DOCK 6 uses an incremental construction algorithm called anchor and grow. It is described by a three-step process:
- Rigid portion of ligand (anchor) is docked by geometric methods.
- Non-rigid segments added in layers; energy minimized.
- The resulting configurations are 'pruned' and energy re-minimized, yielding the docked configurations.
In this tutorial we will use PDB code 4QMZ, the deposited crystal structure of MST3 in complex with Sunitinib.

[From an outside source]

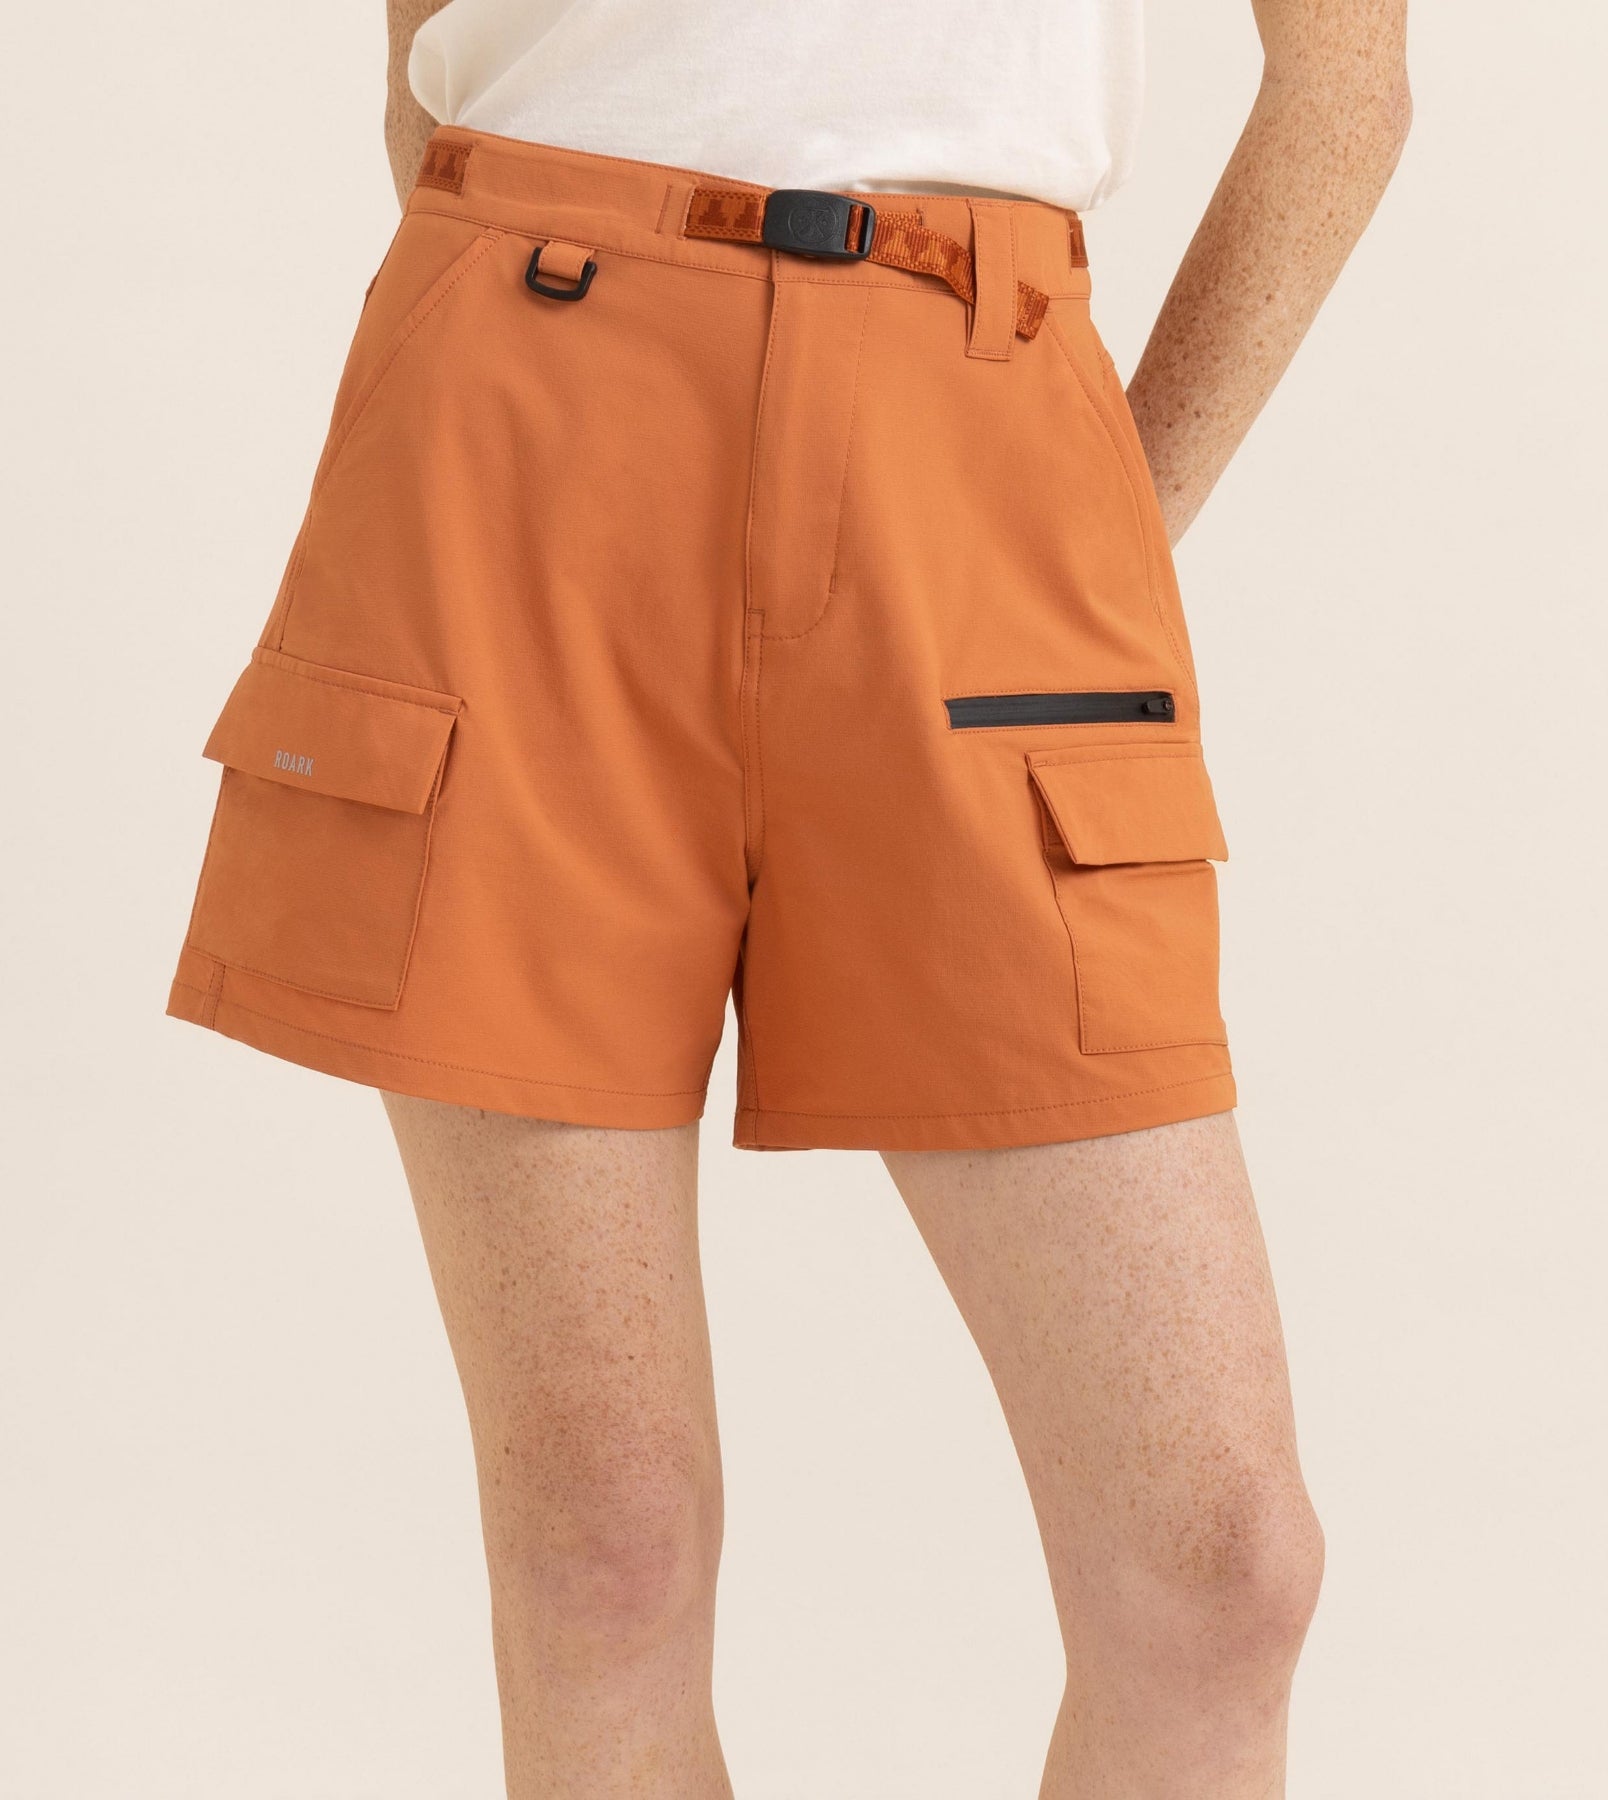 Canyon Shorts

While performing docking, it is convenient to adopt a standard directory structure / naming scheme, so that files are easy to find / identify.For this tutorial, we will use something similar to the following:
~username/AMS536-Spring2016/dock-tutorial/00.files/ /01.dockprep/ /02.surface-spheres/ /03.box-grid/ /04.dock/ /05.large-virtual-screen/ /06.virtual-screen/ /07.footprint/ /08.print_fps
In addition, most of the important files that are derived from the original crystal structure will be given a prefix that is thsame as the PDB code, '4QMZ'.The following sections in this tutorial will adhere to this directory structure/naming scheme.
II. Preparing the Receptor and Ligand
Download the PDB file (4QMZ)
4QMZ was moved into 00.files
4qmz.pdb was copied to raw_4qmz.pdb
raw_4qmz.pdb was opened with VI terminal editor
The header information, connect records, ions (atoms 2333 and 2334) and waters were deleted
Res 178 = TPO, or phosphonothreonine Res 178 (TPO) was renamed to THR (Threonine) and HETATM renamed to ATOM, in addition the acanonical atoms were removed from the pdb leaving a deprotonated threonine (Atoms 1311-1314 in 4qmz.pdb)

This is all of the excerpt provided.